Between the messages of the heart and the various journal and book excerpts you will find, the world is full of lore. From the harvesting of whales for their oil, with its inexplicable ability to power technology, to the fanatical rituals of the overseers, there is so much to learn and experience in the world, pointing at much more than you experience in quarantined Dunwall. Hopefully we will see a return journey to this alternate reality-esque industrial London, with a deeper, more detailed sequel.

Scoring:

Gameplay: 7/10

The restriction to first person sometimes had me wishing for views that other games provide for scouting surroundings. Rather dumb AI, coupled with rather erratic detection of your character can be infuriating, especially if you do the exact same thing after a reload and suddenly you are discovered in a place that you weren’t before. If anything, more levels done like Lady Boyle’s would have been highly appreciated. Punishing killing feels a bit cheap in a game that shouts freedom of choice.
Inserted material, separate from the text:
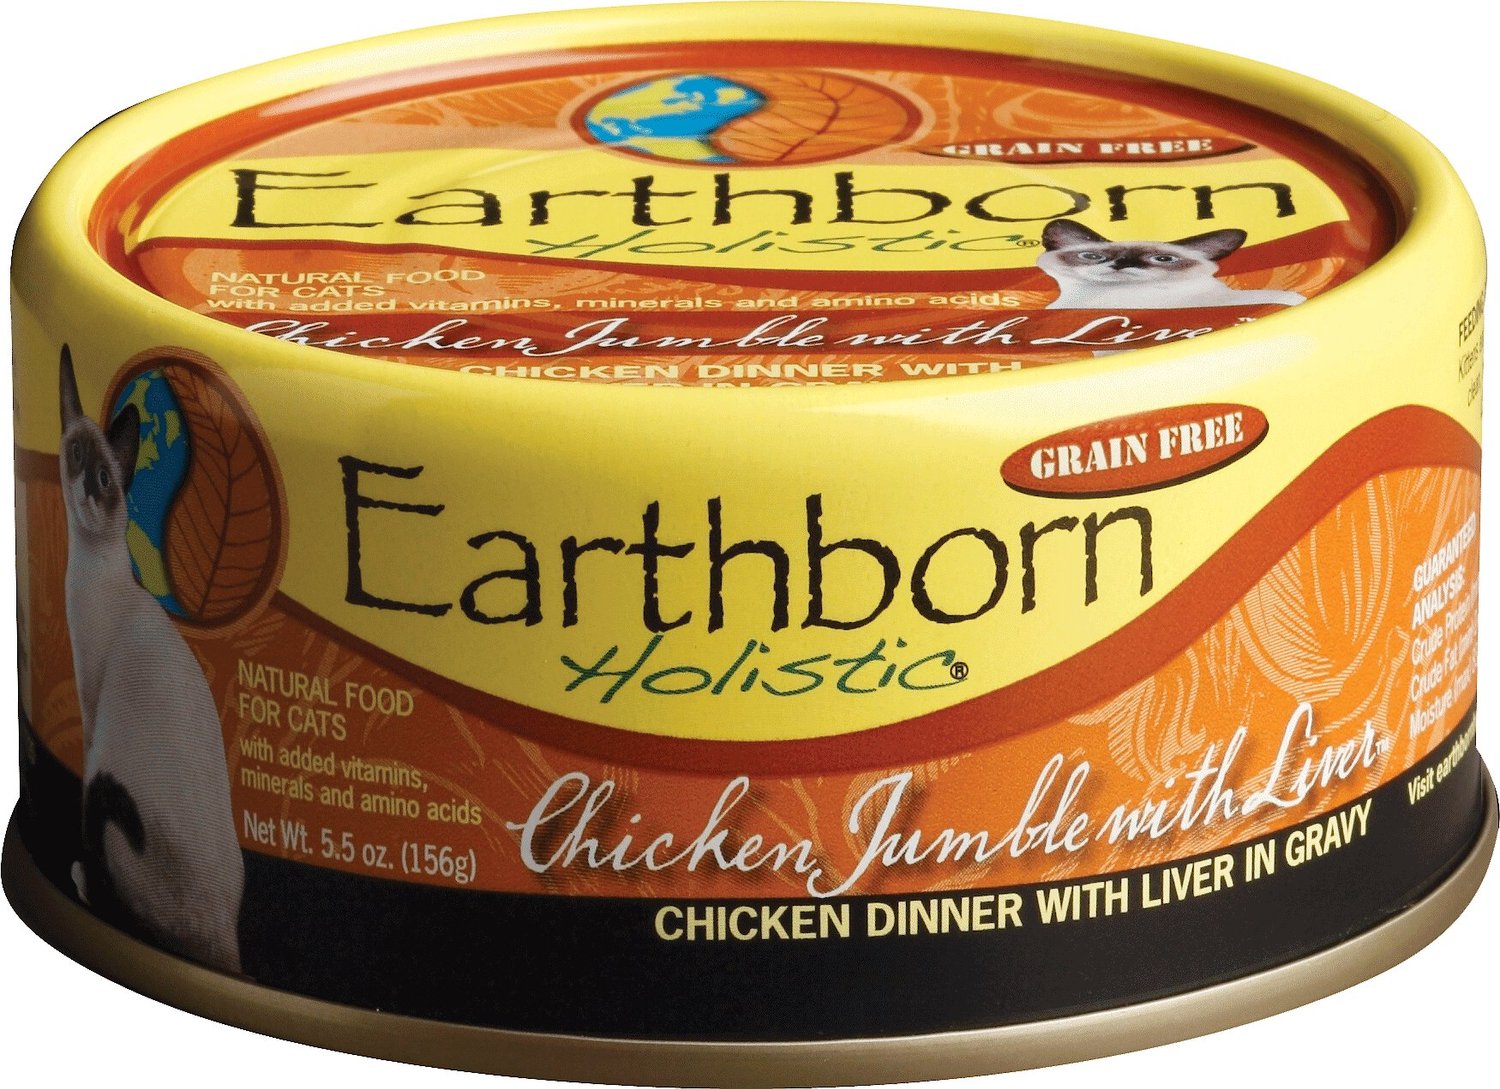 EARTHBORN HOLISTIC Chicken Jumble with

Design and presentation: 8/10

Several design decisions, such as the lack of textures and the way shadow is treated during stealth, have me slightly perplexed, but are hardly game breaking. Best level design I have seen, what can I say, Arkane really knows how to make a map. The technology system, with its primitive Tesla style defence systems, is a refreshing breath of air after the glut of steampunk and high magic game designers normally throw around. Now if they would just get away from a cliché, predictable and lukewarm plot.

Value: 7.5/10

Taking between six and 20 hours for a playthrough, depending on what restrictions you place on yourself, Dishonored is a meaty game. Whether you want to kill nobody or everybody, never be seen or get through without any magical abilities other than blink, Dishonored contains enough content and challenges to tempt you to play through again to see something new, without making it a necessity.

Overall: 7.5/10

This is the kind of game world I want to see the next open world adventure RPG set in. An amazing setting with brilliant lore and interesting technology, which sadly stops before reaching an engrossing story. With a little more effort, Dishonored could have been the new hallmark of gaming. As it stands now, it is more of a herald of what is to come. Highly recommended for completionists and accolade whores, though I urge everyone to try this game to see something original, if not as revolutionary as the hype machine made it out to be.

Yes, I know I am going to be shot down by those who were absolutely blown away by it.